I know this description is long and not terribly specific, but I’m just really frustrated and tired of these issues. I really don’t want to go back to Windows but with errors like this there’s no way I can justify using this OS as a daily driver so I really want to figure out what’s wrong. Pleas ask any questions to help diagnose the problem, and I’ll keep careful track of any issues I run into from here on out.

Thanks for any help,
WaryAndroid

Hi and welcome to the forum.

First, please read this:

Without including the relevant system logs, it would be very difficult to help you. If you want to maximise your chances of getting help, a good idea is to read this, as well.

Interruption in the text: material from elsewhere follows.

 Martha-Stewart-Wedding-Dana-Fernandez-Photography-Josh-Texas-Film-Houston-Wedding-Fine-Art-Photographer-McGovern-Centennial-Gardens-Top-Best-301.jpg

It is probably not productive to try to guess what is wrong with your system, but trying out the LTS kernel can’t hurt, and might fix your system freezes. To do so, install the packages linux-lts and linux-lts-headers, reboot and during boot, select the LTS kernel.

Also check this:

https://wiki.archlinux.org/title/Lenovo_ThinkPad_X1_Carbon_(Gen_7)


Second, if your computer for some reason freezes (and this can happen from time to time, it’s nothing catastrophic), do not cut power to it, as this can cause filesystem corruption. This is why fsck ran after you did this, and will probably run on the next few reboots, too. Hopefully, there was no filesystem corruption as this can sometimes be tricky to fix without reinstalling the OS.

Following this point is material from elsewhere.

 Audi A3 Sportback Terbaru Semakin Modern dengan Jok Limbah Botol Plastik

On Linux, there is rarely ever a reason to do a hardware reset, for example, by cutting power to your computer, or by using the reset button on your case. Doing so can cause more problems than the original crash.

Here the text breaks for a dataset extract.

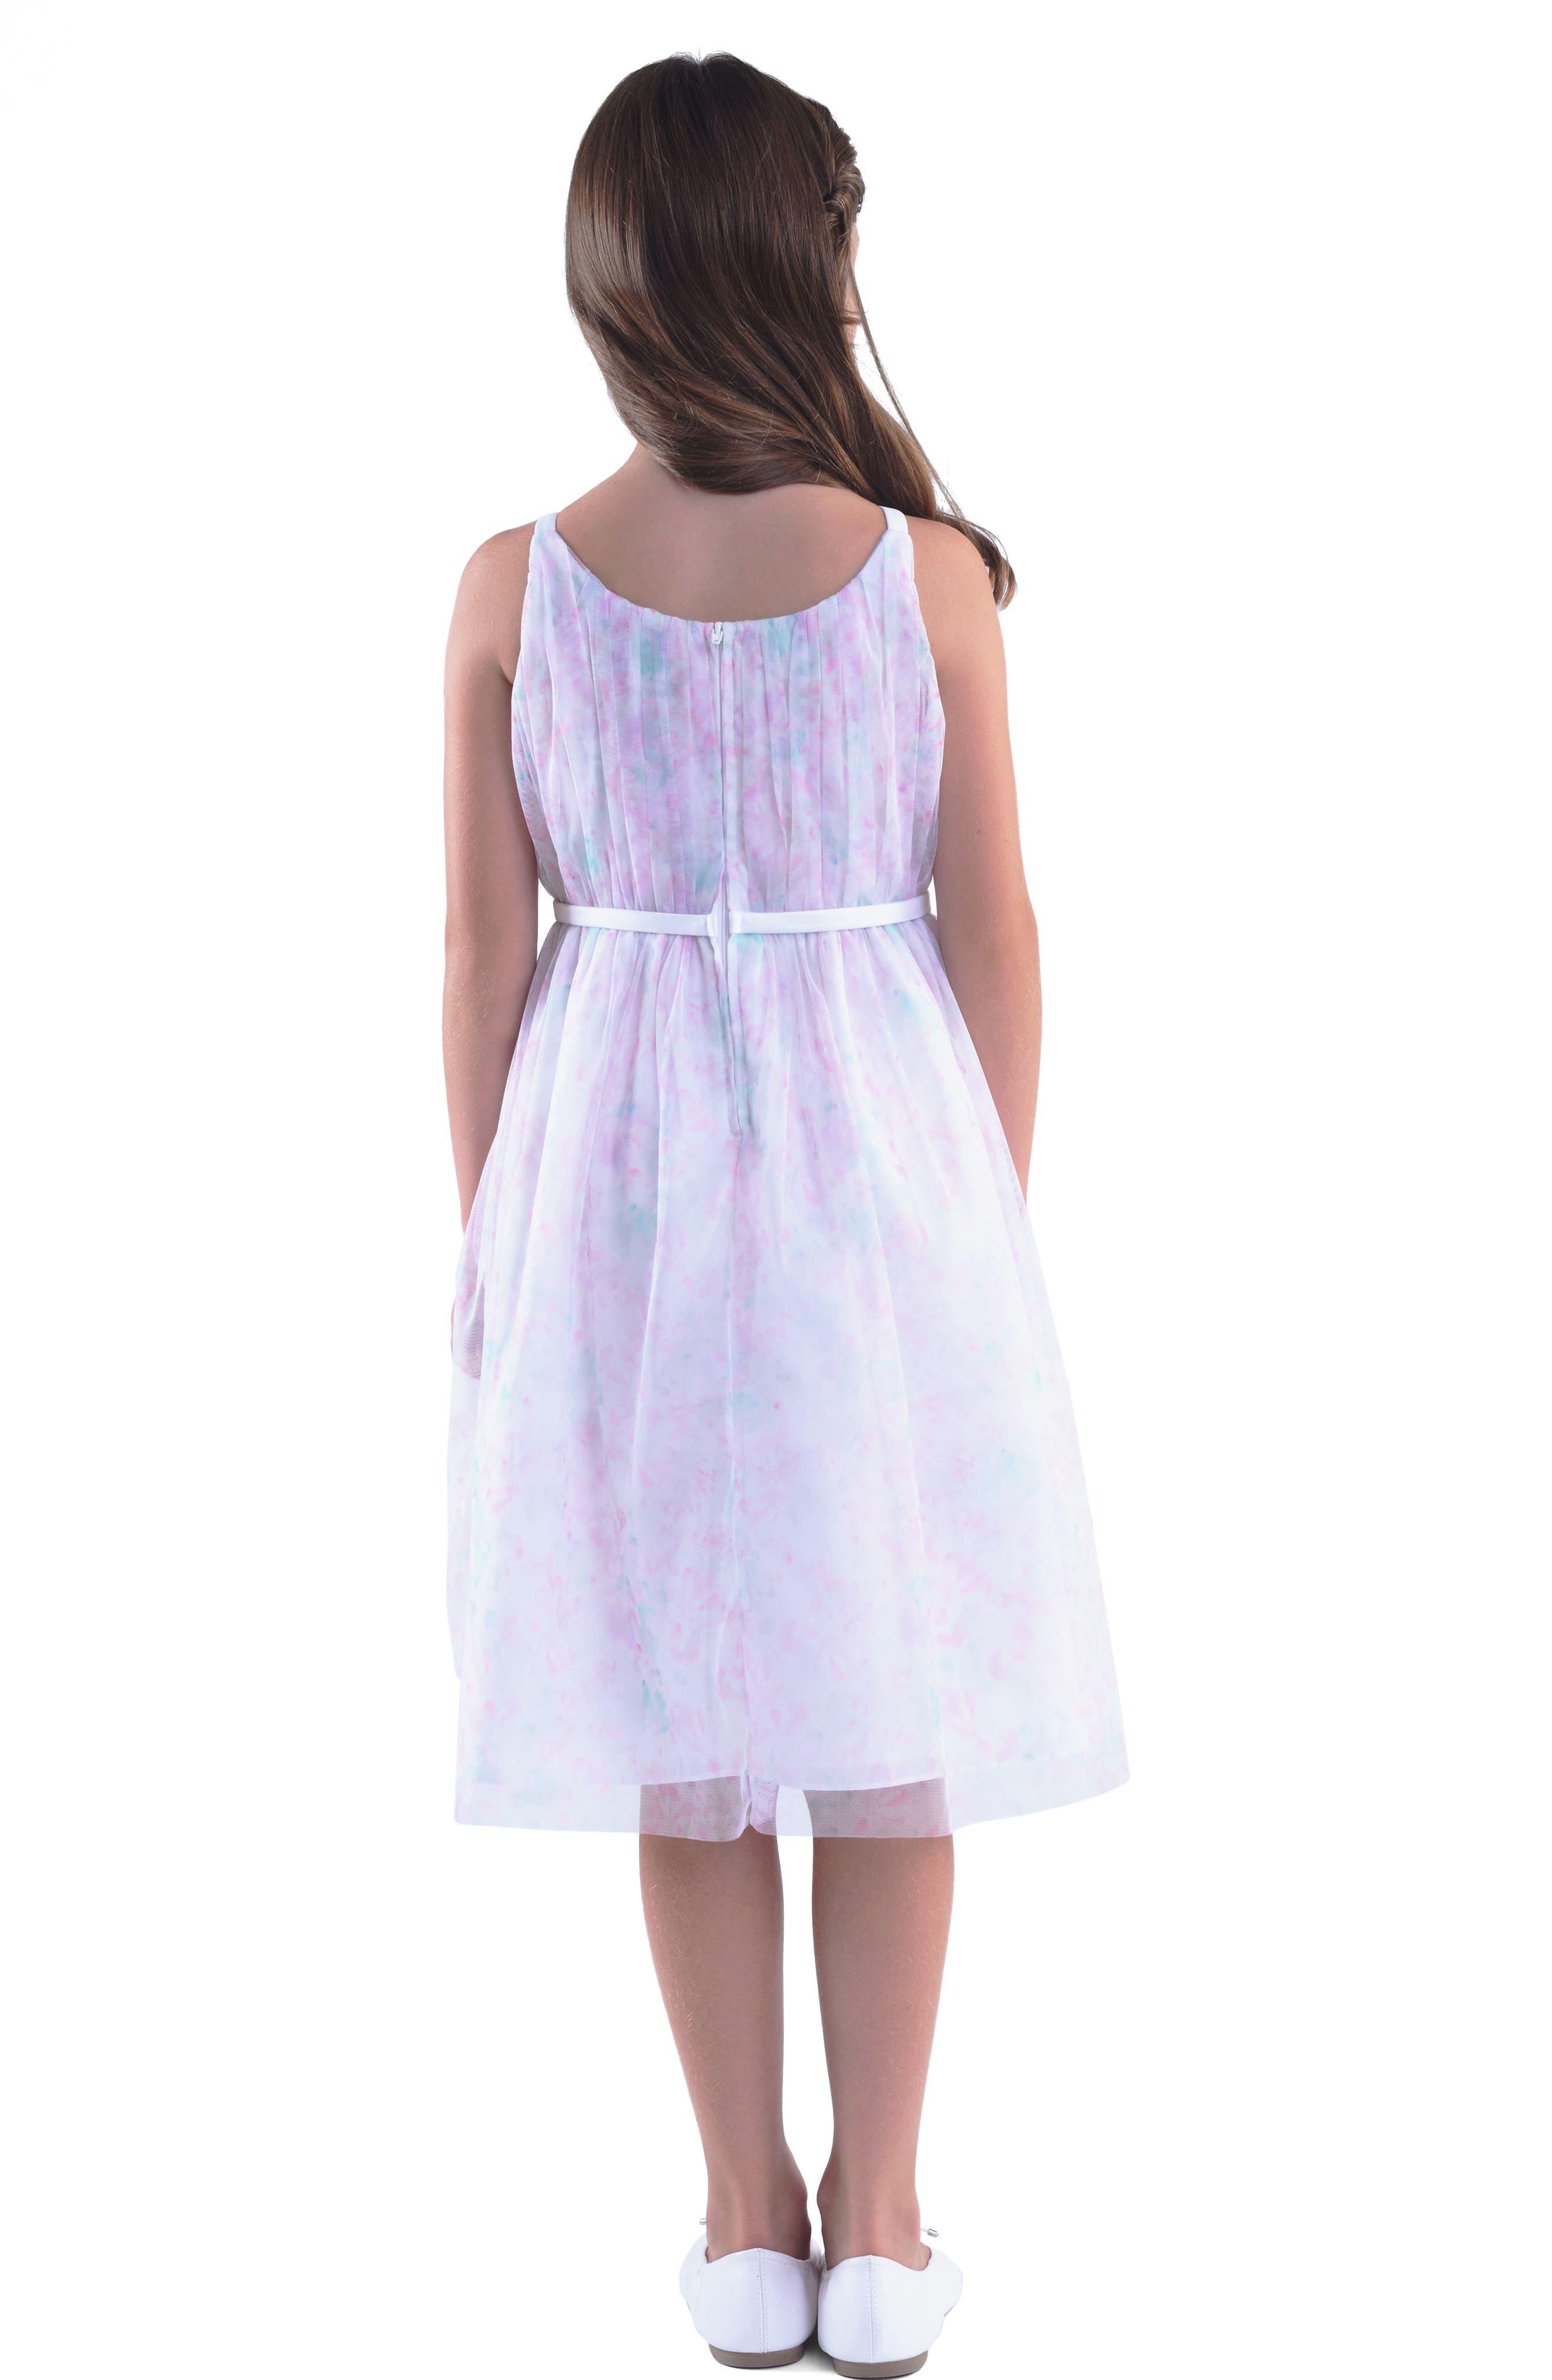 Floral Print Sleeveless Dress,                             Alternate thumbnail 2, color,                             650

Instead, enable the magic SysRq key in advance, and use it to safely Reboot Even If System Utterly Broken:


Third, and slightly off topic:

Frustration is not your friend. If you are completely new to Linux, there is going to be a certain period (maybe 6 months, maybe a year) where nothing will seem to go your way, simply because Linux is very different from windoze. I would recommend you adopting a curious, problem-solving and learning mindset. Think of it as an endeavour, a journey into an unknown, exciting land called: the outside of your comfort zone. There will be many setbacks on this journey, but if you persist it will be very rewarding.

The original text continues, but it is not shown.